[RFC]: KV cache offloading

### Motivation.

Currently, in vLLM v1 there is no in-house solution for offloading KV cache data from the GPU memory to other medium (in particular, CPU memory).
There is a proposed RFC (#16144) and respective PRs (#13377 and #17653) that try to address that.
The approach they take is somewhat similar to the way offloading was implemented in V0:
1. On the scheduler side, extend the core GPU allocator (KVCacheManager) to support CPU offloading
2. On the worker side, add a synchronous call to handle the actual CPU<->GPU transfer in the `execute_model` function.

In this RFC I propose an alternative approach which supports the following requirements:
* **Async saving** of new KV data from GPU to cache. GPU memory will not be freed until save is completed (similar to NixlConnector)
* **Async loading** of KV data from the cache to GPU. Requests waiting for cache load won't be scheduled until load is completed (similar to NixlConnector)
* Support **pluggable backends** for cache (CPU backend for start)
* Allow pulling of **cache events** (cache insert, evict, access), in the same way as the GPU cache.

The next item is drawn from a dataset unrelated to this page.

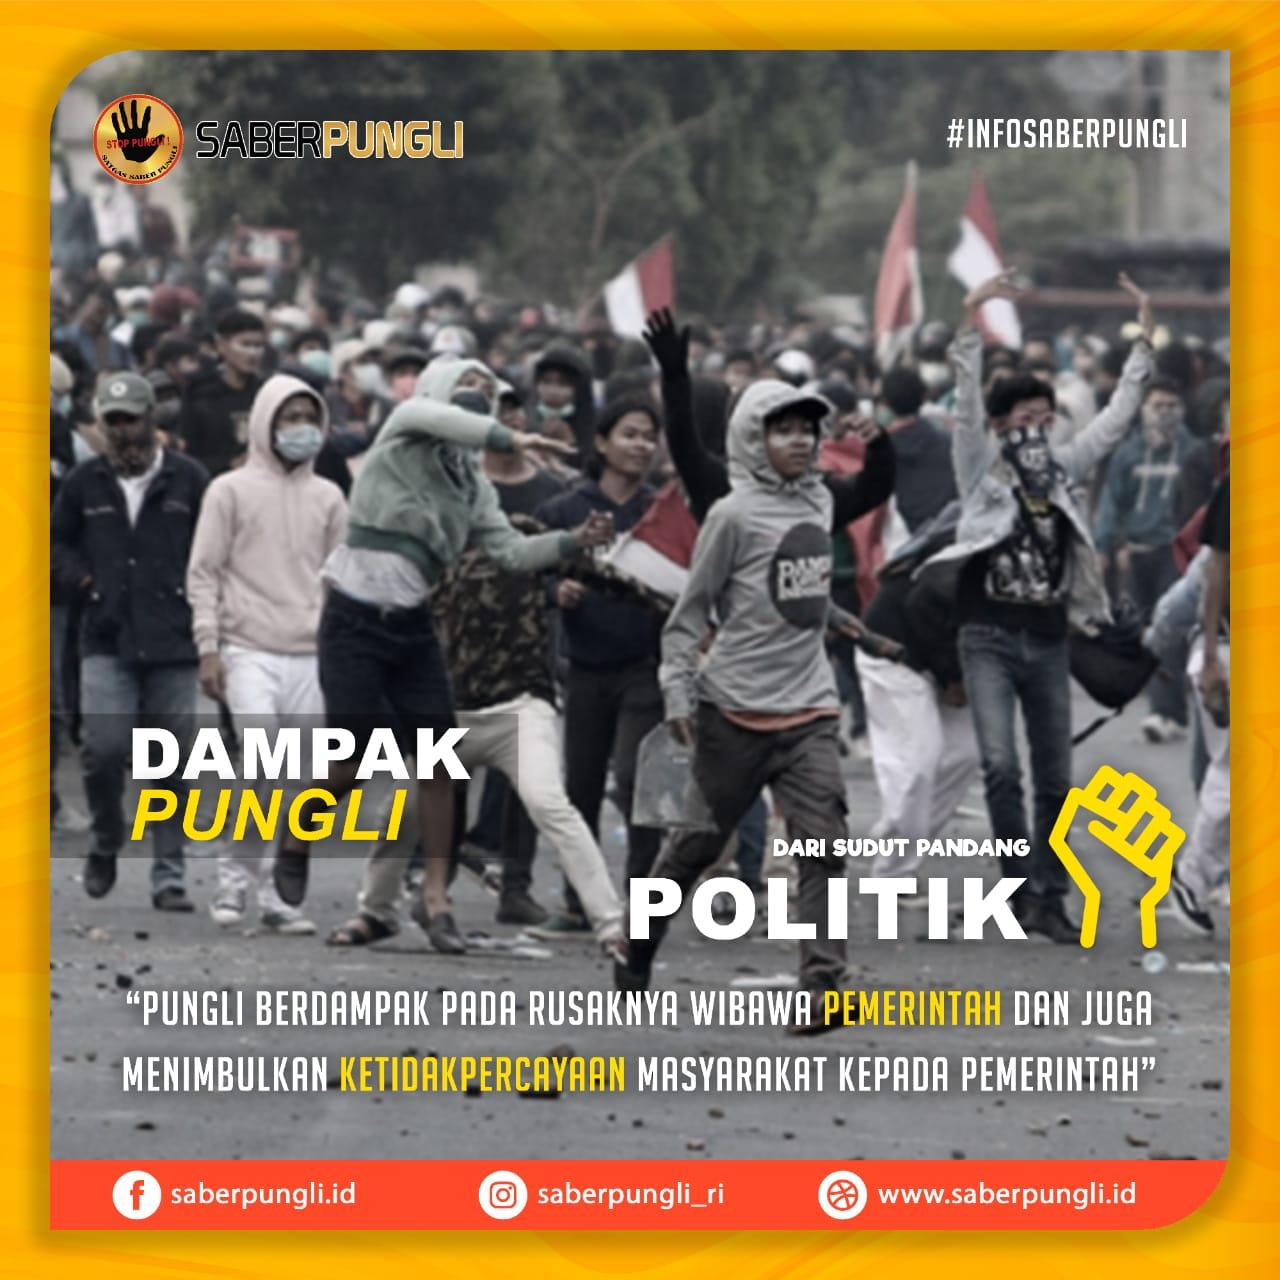 02 - DAMPAK PUNGLI DARI SUDUT PANDANG POLITIK

This will allow a unified KVCacheEvent stream.
* Enable **LRU eviction** of offloaded data


### Proposed Change.

![Image](https://github.com/user-attachments/assets/00cc58a5-d18a-4a9a-958f-6f595c1748f0)

I suggest we will enable offloading using a new OffloadingConnector, with minimal changes to vLLM's core.

On the scheduler side, this connector will delegate to an abstract `OffloadingManager`.
The `OffloadingManager` will be responsible for bookkeeping allocation and evictions of offloaded data. Its output will be encoded over `KVConnectorMetadata` and sent to workers.

On the worker side, we will also have an OffloadingConnector which parses load/store requests sent by the `OffloadingManager` and executed asynchronously using a set of worker threads, one per transfer type (e.g. 1 thread doing GPU->CPU, 1 for CPU->GPU, and in the future also 1 CPU->Disk, etc.).

Each transfer request submitted by the `OffloadingManager` will be responded by a unique `job_id`, which will be used to track completions.

To enable this design, we need 3 changes in vLLM's core:
1. PR #19555 Introduce connector-metadata also in the direction of worker->scheduler (currently, only the scheduler connector can pass-on metadata to workers, but not the other way around).
2. PR #19728 Introduce `Request.block_hashes` to allow the `OffloadingConnector` to re-use the block-hashes computed by the KVCacheManager.
3. PR #19737 Add a connector API for collecting KV cache events (cache insertion, deletion).

Aside from the above PRs with changes to vLLM's core, I already opened PR #19848 including the basis of pluggable offloading implementation.
On-top of this PR, there will be PRs for a concrete CPU offloading implementation (probably one PR for the scheduler side, and one PR for the worker side).
The last step will be to introduce the actual `OffloadingConnector` that will enable the e2e use of offloading in v1.

### Feedback Period.

One week.

### CC List.

@WoosukKwon @simon-mo  @robertgshaw2-redhat @njhill

### Any Other Things.

_No response_

### Before submitting a new issue...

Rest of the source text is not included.